Eldon torununun adını söylerken gururlu bir büyükbaba gibi gülümsedi. “”Nisan. Adı Nisan.”

William boğazına bir yumru oturmuş gibi hissetti. Chiffon'un annesinin Şeytani Topraklarda nasıl öldüğünü görmüştü ve Chiffon'un babasının elinde torununun başına gelen üzücü kaderi Eldon'a anlatamayacağını biliyordu.

Karısını ve torununu özleyen Cücenin hikâyesini dinlemeye devam ederken yapabileceği tek şey bu anıları kalbinde tutmaktı.

Eldon huysuz bir tavırla, “Küçük bir kuş bana gelecekte büyük torunumun kocası olacağını söyledi” dedi. “Gelecekte ne olacağını bilmiyorum ama balyozumla kafasına bir kez vurmadan kimsenin büyük torunuma dokunmasına izin vermeyeceğimden oldukça eminim.”

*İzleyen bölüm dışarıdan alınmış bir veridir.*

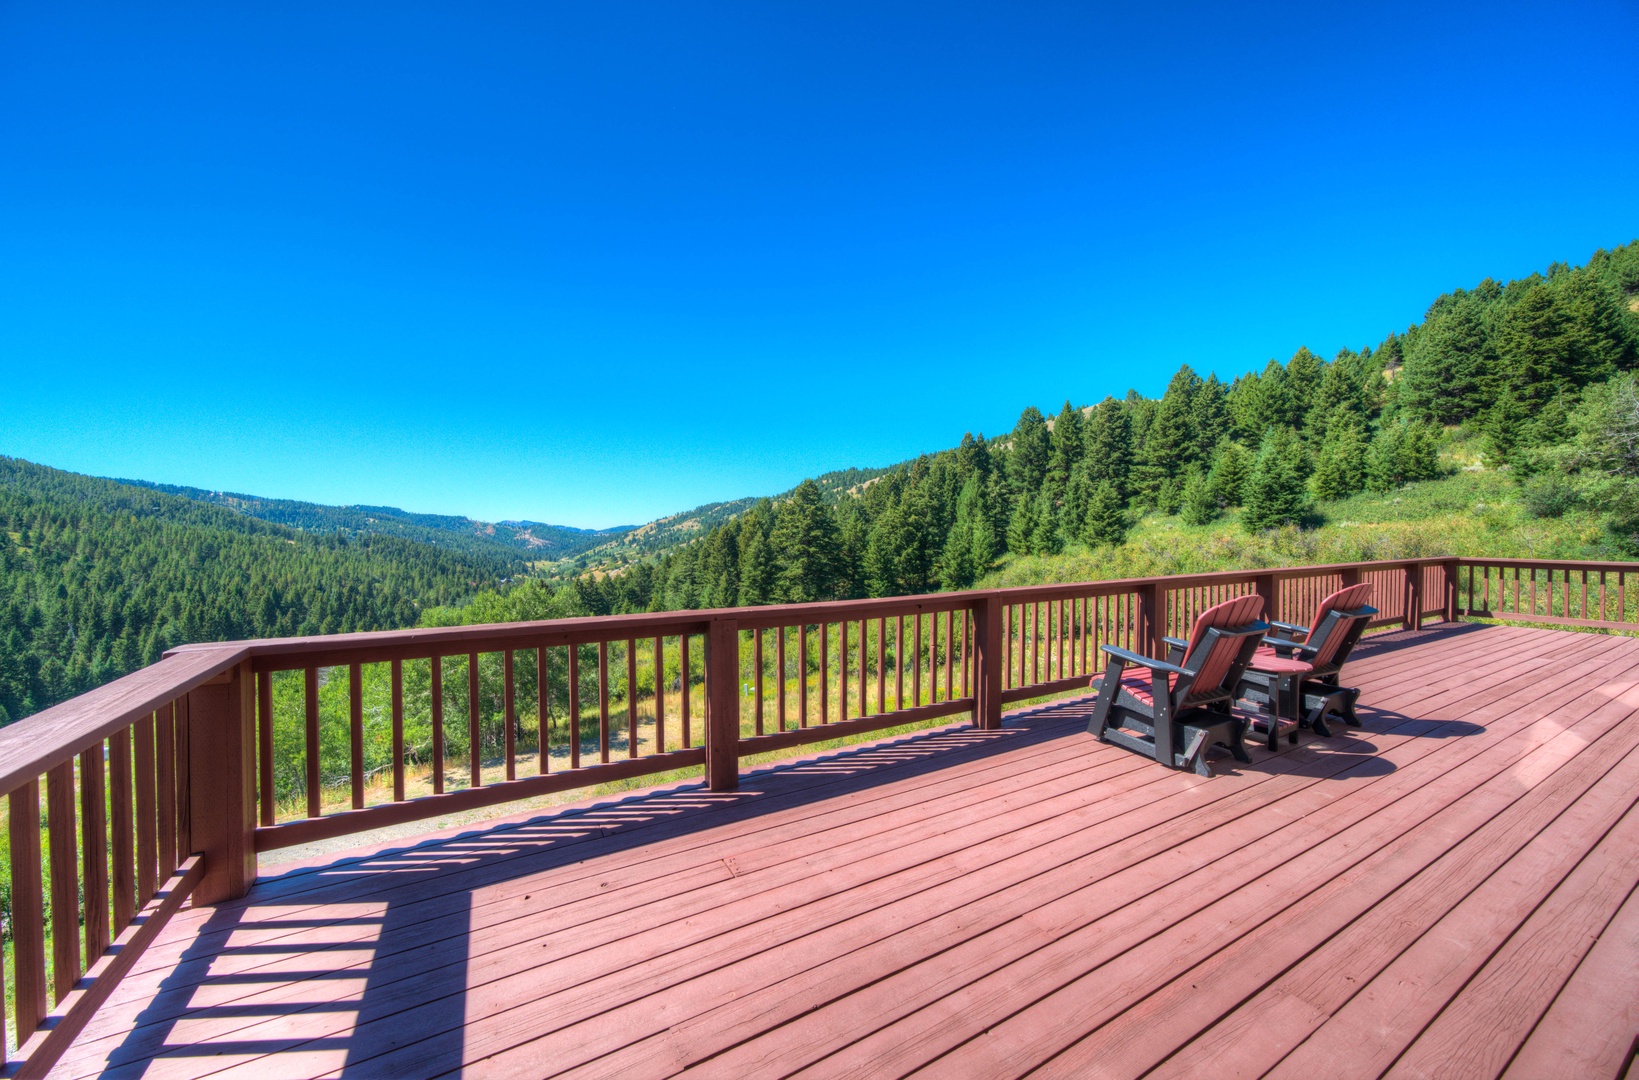 Bozeman Vacation Rentals, The Canyon Lookout - The perfect place for evening beverages
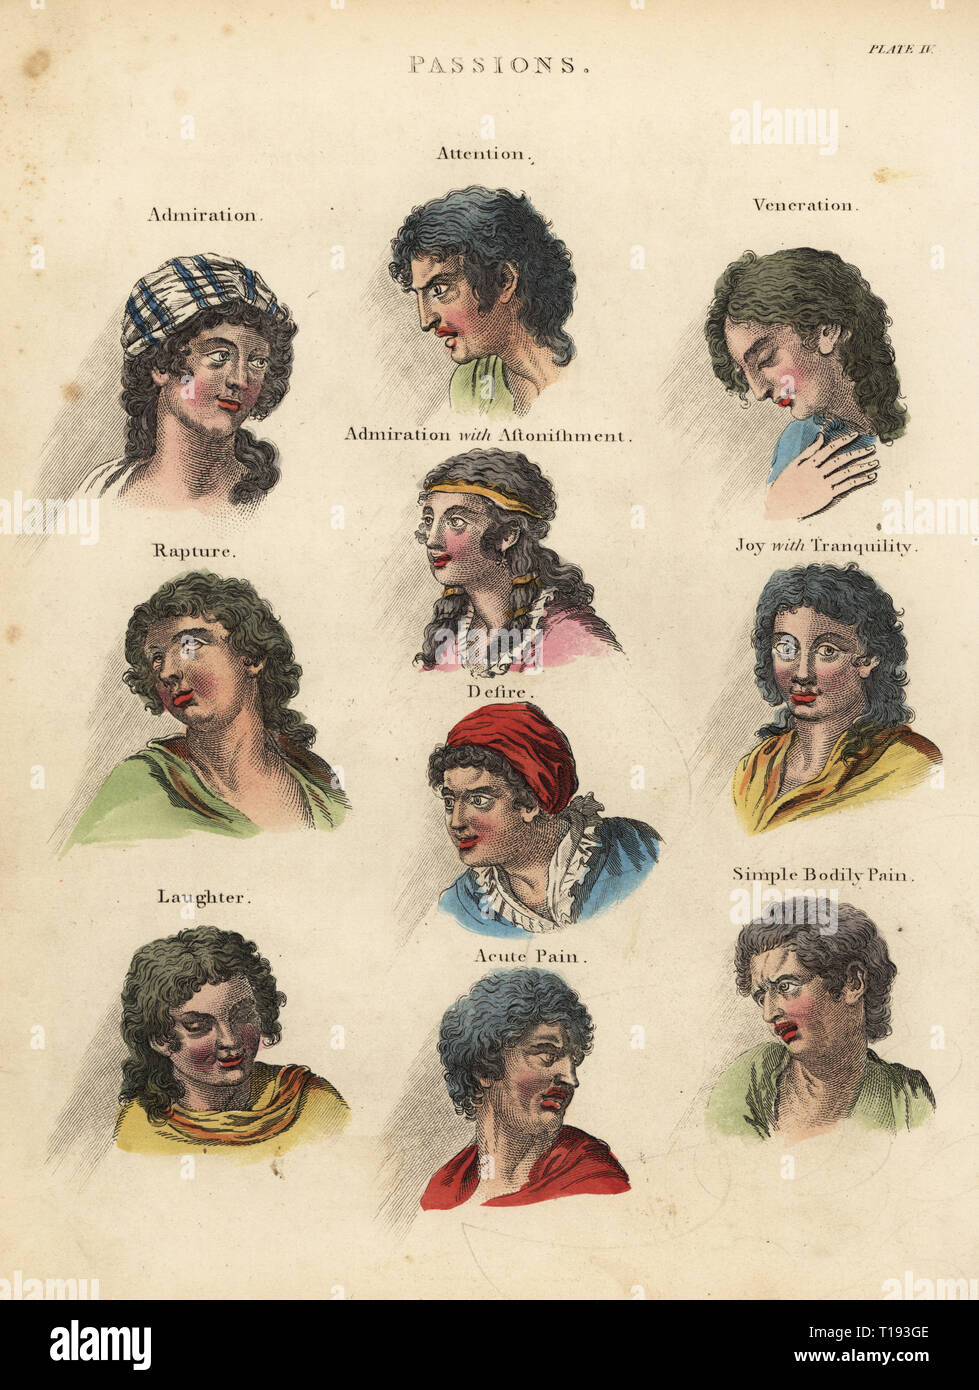 Passions from Johann Caspar Lavater’s Physiognomy. Admiration, Attention, Veneration, Admiration with Astonishment, Rapture, Joy with Tranquility, Desire, Laughter, Simple Bodily Pain, Acute Pain. Handcoloured copperplate engraving from William Smellie’s translation of Count Georges Buffon’s History of the Earth and Animated Nature, Thomas Kelly, London, 1829. Stock Photo

William'ın alnında boncuk boncuk terler oluşmaya başladı. Eldon'ın Morax'ı nasıl uçurduğunu görmüştü ve eğer Cüce tehdidini gerçeğe dönüştürürse kesinlikle çok büyük acı hissedeceğinden hiç şüphesi yoktu.

“Söyle bana, büyük torunum annesi kadar çekici mi?” Eldon sordu. “Nazik ve sevgi dolu bir insan mı?”

“Evet,” William karısı Chiffon'u düşünürken içten cevabını verdi. “O bunların hepsi ve daha fazlası.”

Eldon, Yarı-Elf'in büyük torununu övdüğünü duyduktan sonra güldü ve William'ın omzunu okşadı.

“O… o belki de… sizin Bölgenizde gördüğüm o pembe saçlı kız mı?” Eldon sordu. Bin Canavar Alanında Şifon'u gördüğünde ona karşı tarif edemeyeceği kadar güçlü bir çekim hissetti.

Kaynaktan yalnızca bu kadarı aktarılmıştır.